Парадоксы Владимира Соловьева
№24 (424)

Выставка Марка Шагала в галерее Хуберт на Мэдисон авеню и заставила меня припомнить название программной книги Льва Шестова «Апофеоз беспочвенности», которое я переиначу, чтобы обозначить великое искусство земляка моей мамы, которая тоже из-под Витебска, хотя родилась на четверть века позже. Апофеоз почвенности, да? Еще более точно: апофеоз местечковости, потому что именно местечковые быт, поэтика и фантазмы были его «почвой и судьбой». Этот франко-русский художник с мировой славой и космополитическим набором художественных абсорбций (фовизм, кубизм, экспрессионизм) был и остался идишным почвенником.
Патриот своей колокольни – от французского “patriotisme du clocher”- Шагал, однако, не был ни хронографом, ни фактографом захолустной жизни. Наоборот, удалил местечковый быт за пределы этнографии и анекдота. Почему ему единственному это удалось – национально-маргинальное вынести на интернациональную орбиту мирового искусства?

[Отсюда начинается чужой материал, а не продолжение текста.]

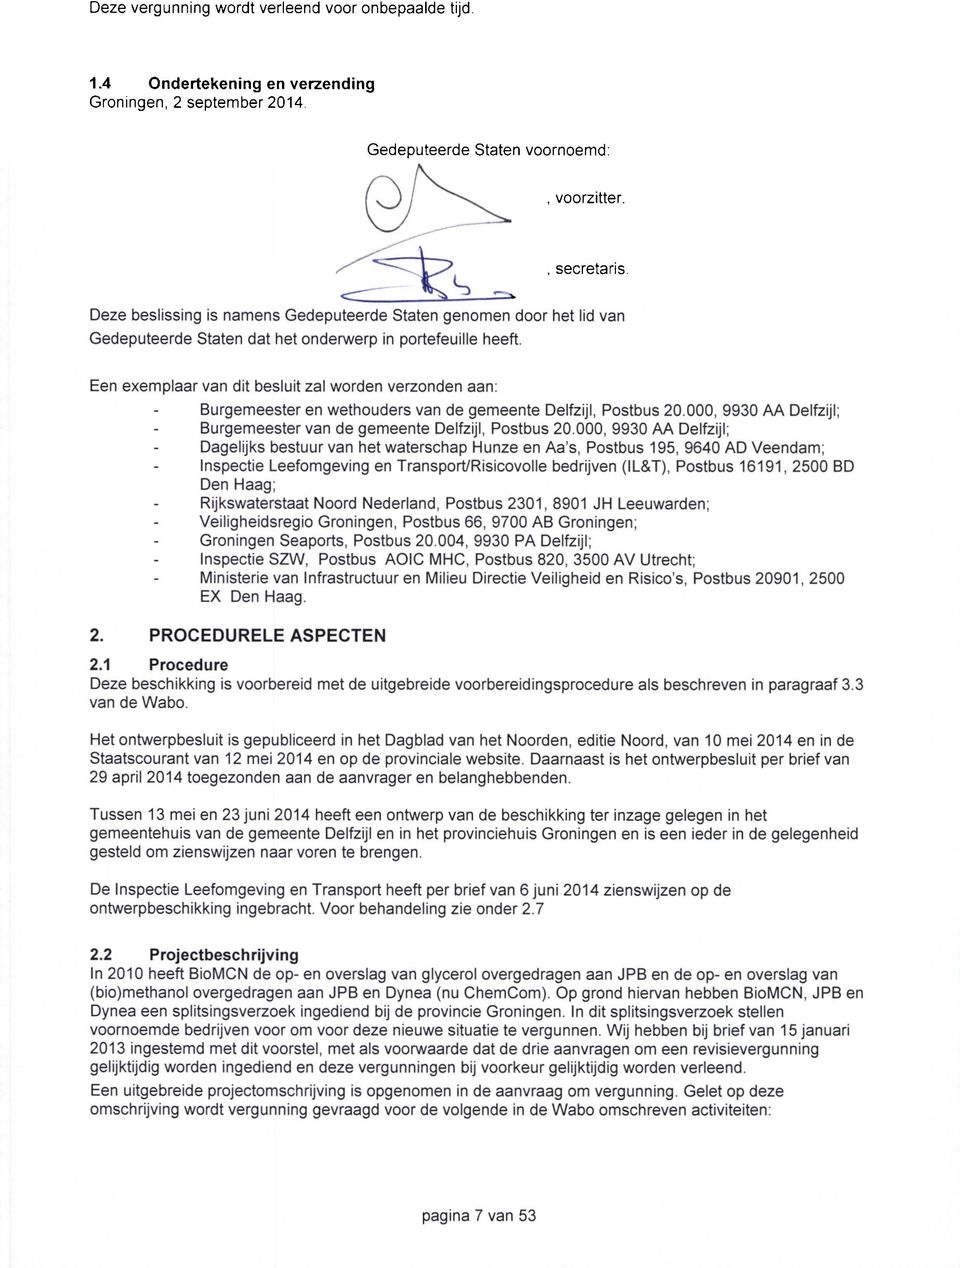 Een exemplaar van dit besluit zal worden verzonden aan: Burgemeester en wethouders van de gemeente Delfzijl, Postbus 20.000, 9930 AA Delfzijl; Burgemeester van de gemeente Delfzijl, Postbus 20.
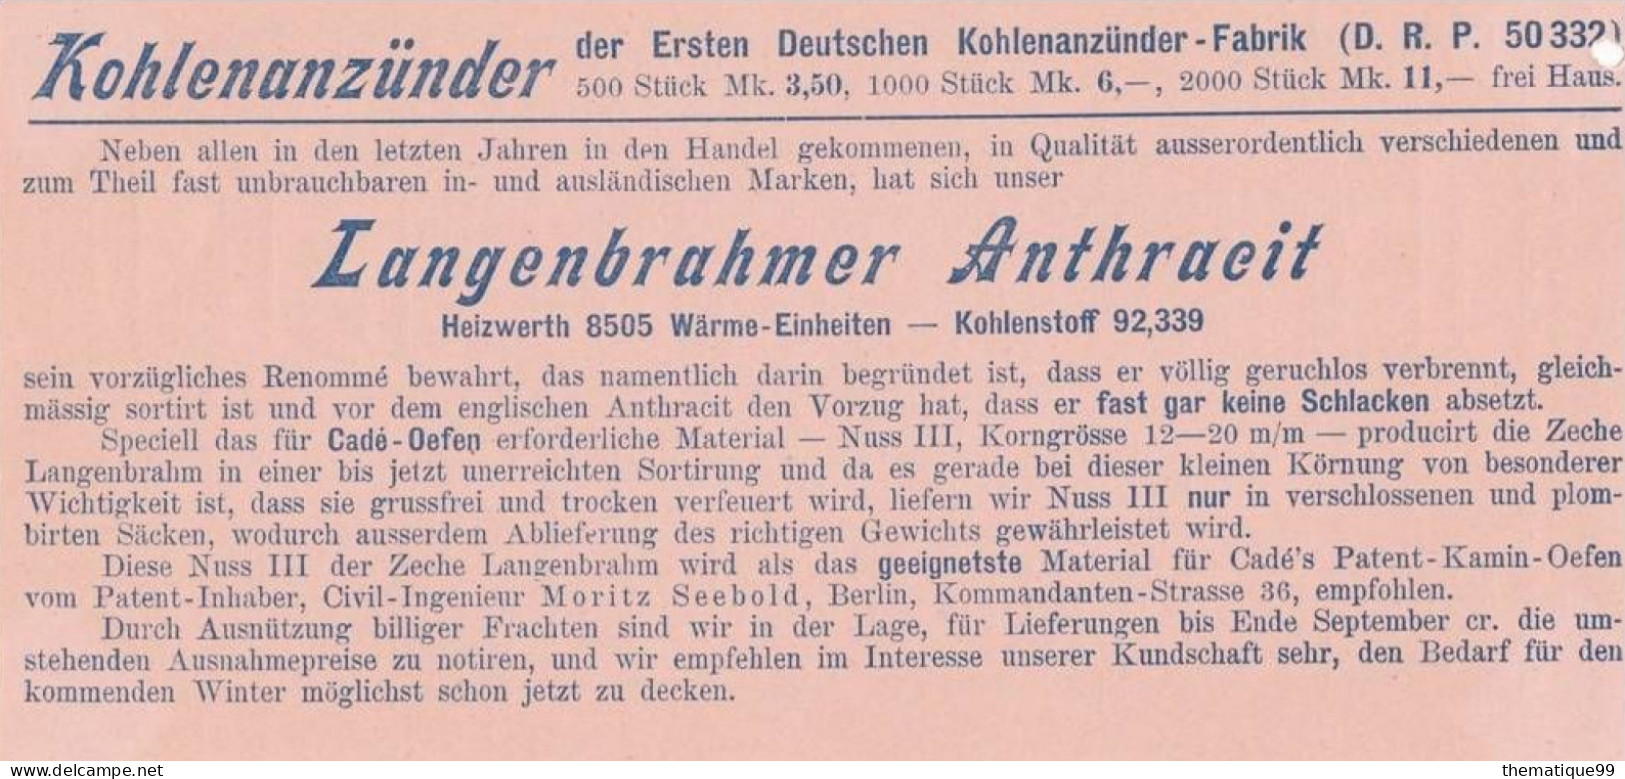 Entier postal poste locale de Berlin provenant d'un carnet avec publicités du carnet (1897): bois charbon coke chauffage

Не знаю параллелей ни среди евреев, ни среди русских. Солженицын заживо вошел в мировой пантеон не «Матрениным двором», а лагерной прозой. Русские деревенщики и вовсе не в счет, хотя один из них Василий Белов – до того как деградировал на почве пьянства и антисемитизма – несомненно, был большим писателем. «При мощной поддержке еврейского кагала и мирового сионизма», - объясняют успех Шагала антисемиты типа Ля Пена, который, оправдываясь, заявил, что «не любить роспись Шагала в плафоне Гранд Опера еще не значит быть антисемитом».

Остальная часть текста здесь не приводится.